• _Activity_
Find "Empty Tri-County Ohio Sears building" in the material, then return exactly the line containing it and all lines after it to the end, leaving out pictures.

• _Data provided_
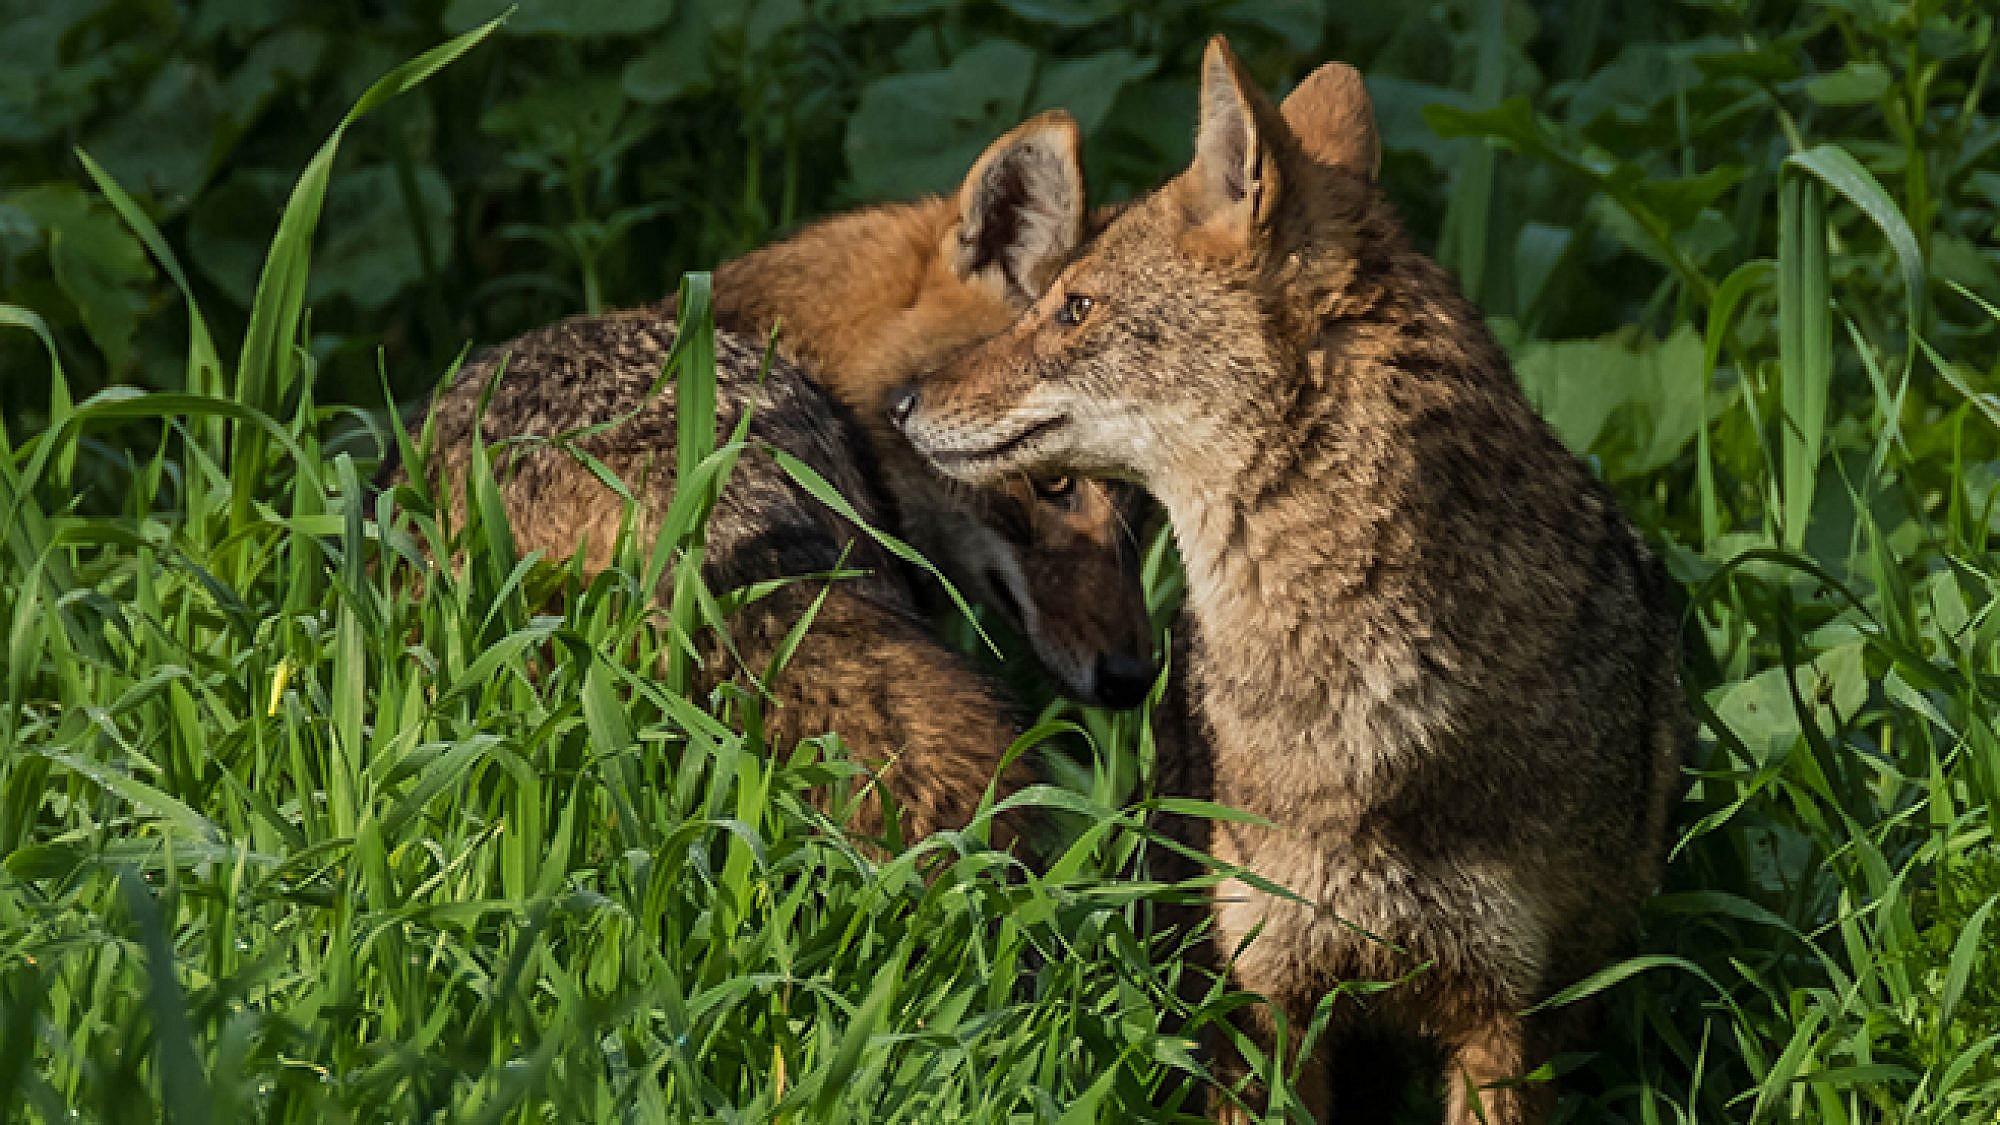 תנים בפארק הירקון (צילום: דורון מרגוליס)
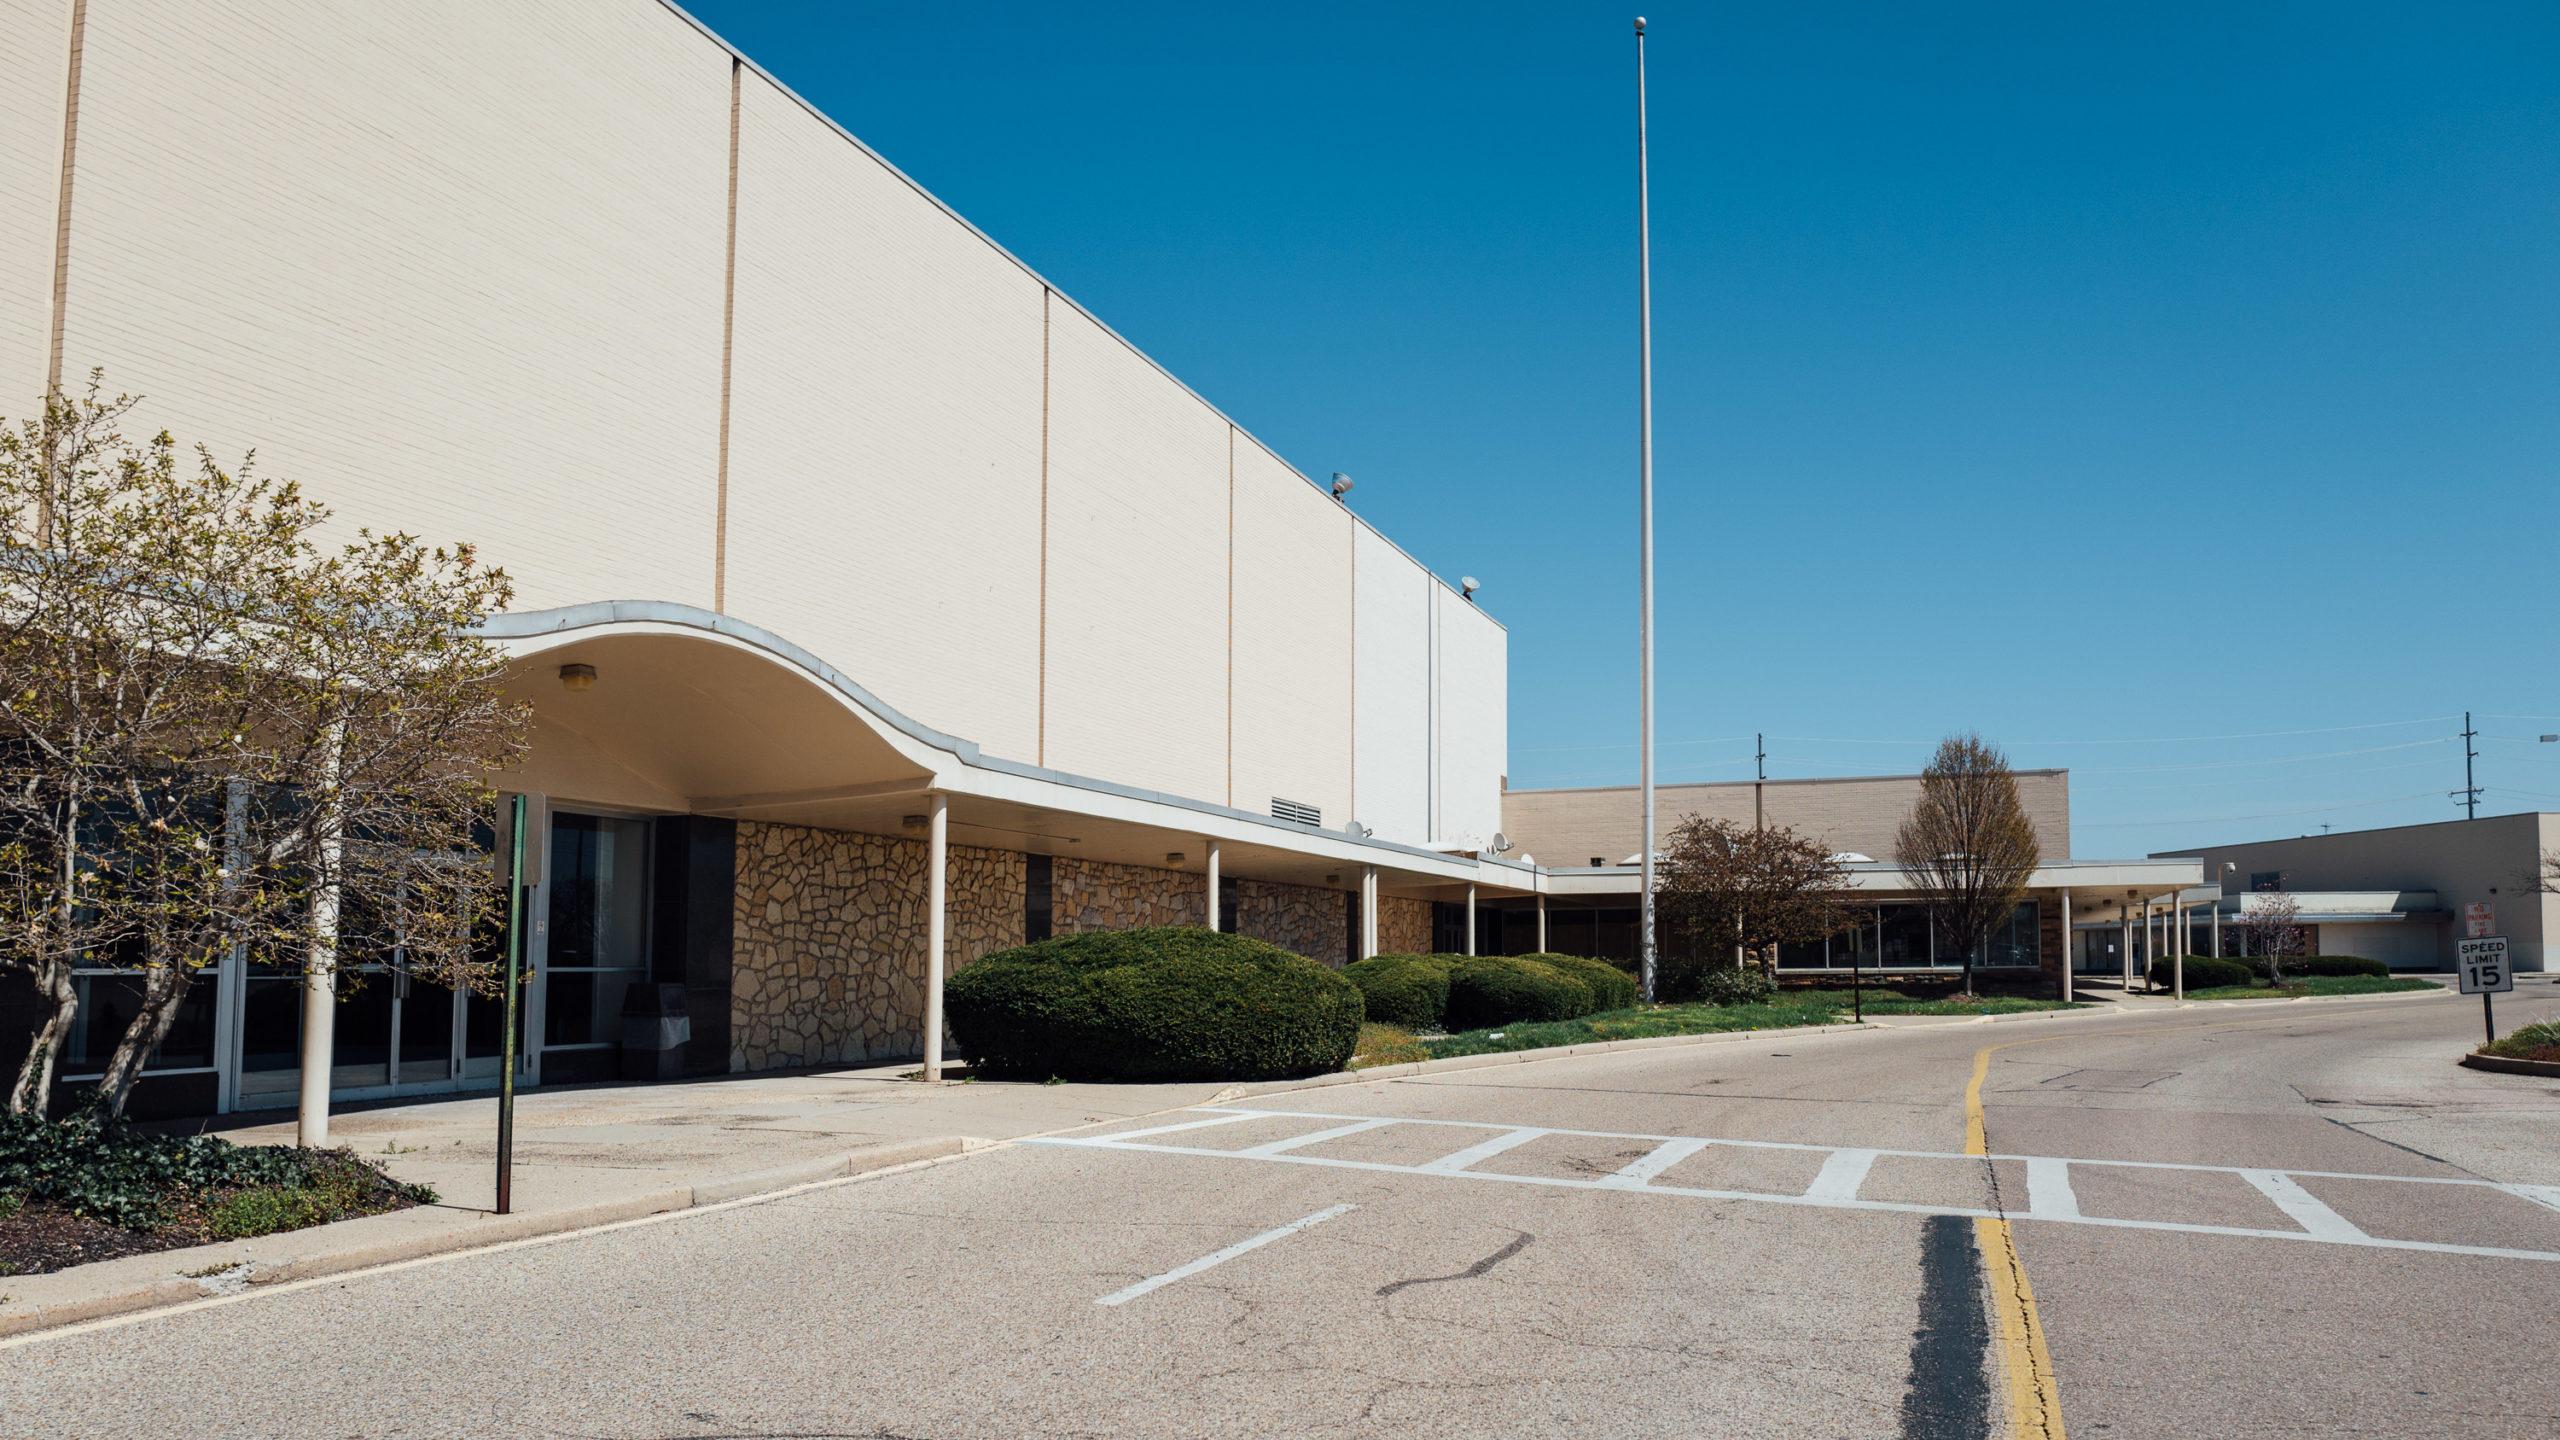 Empty Tri-County Ohio Sears building
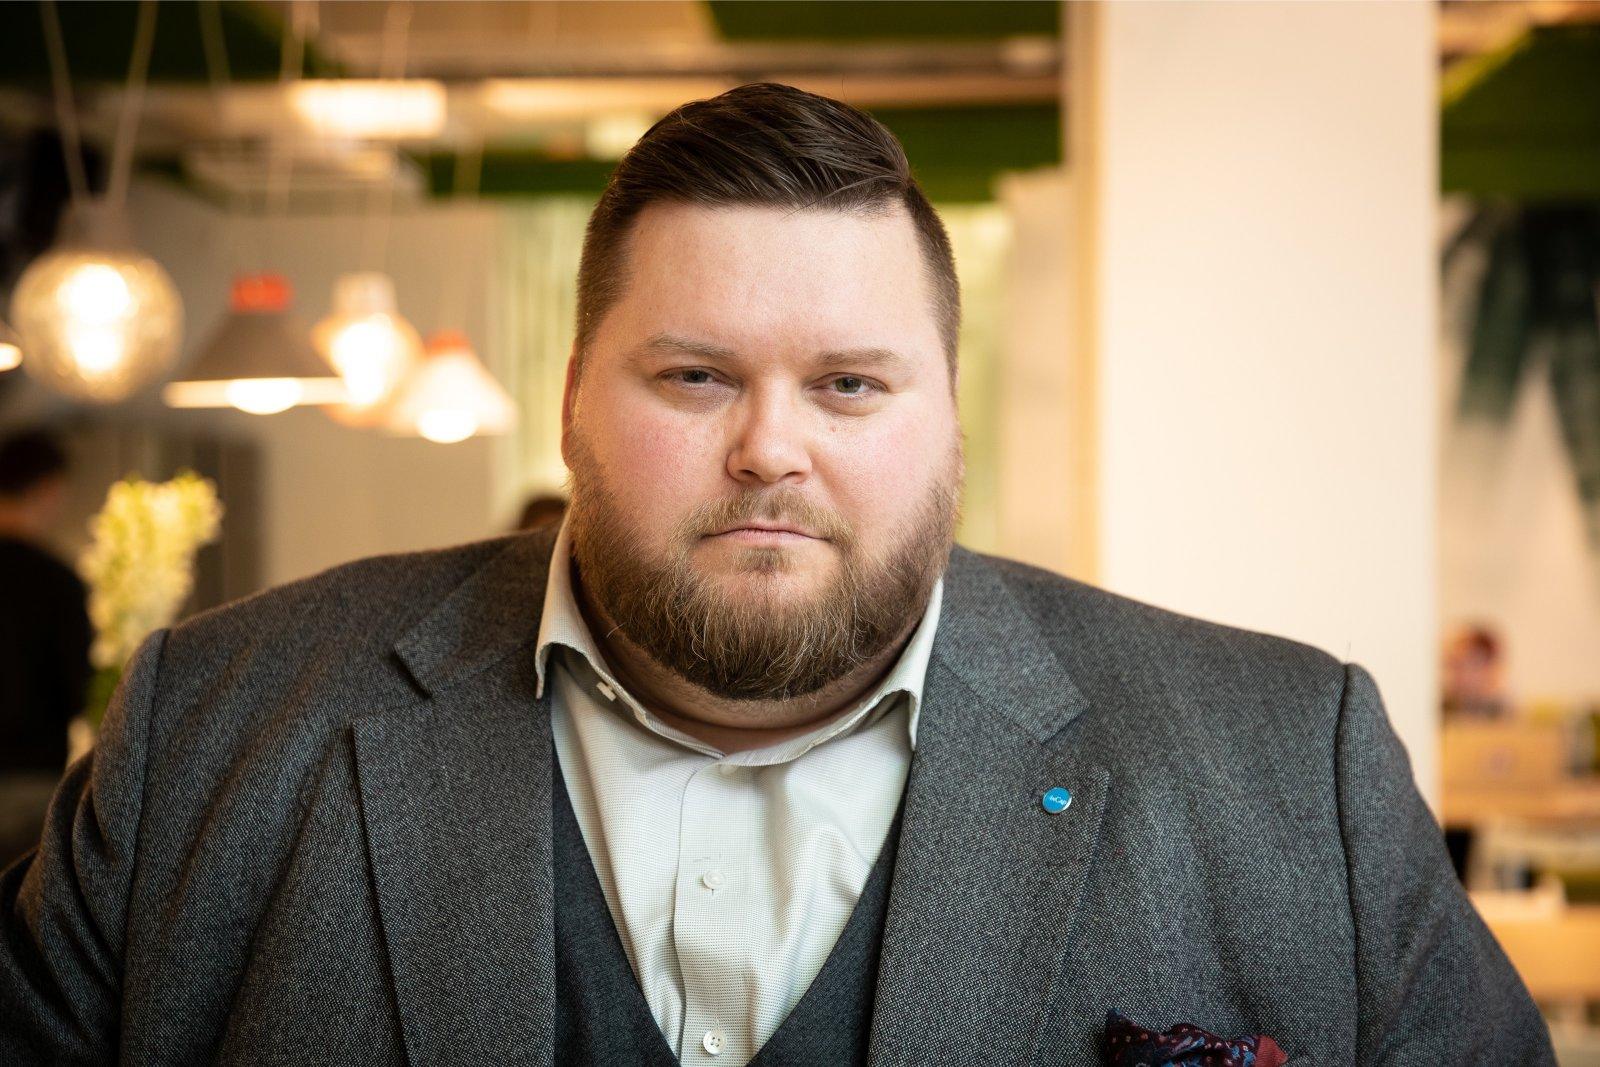 Töösturid uuele valitsusele:  tööstus on Eesti majanduse selgroog ja vajab eraldi ministrit

• _Exercise response_
 Empty Tri-County Ohio Sears building
 Töösturid uuele valitsusele:  tööstus on Eesti majanduse selgroog ja vajab eraldi ministrit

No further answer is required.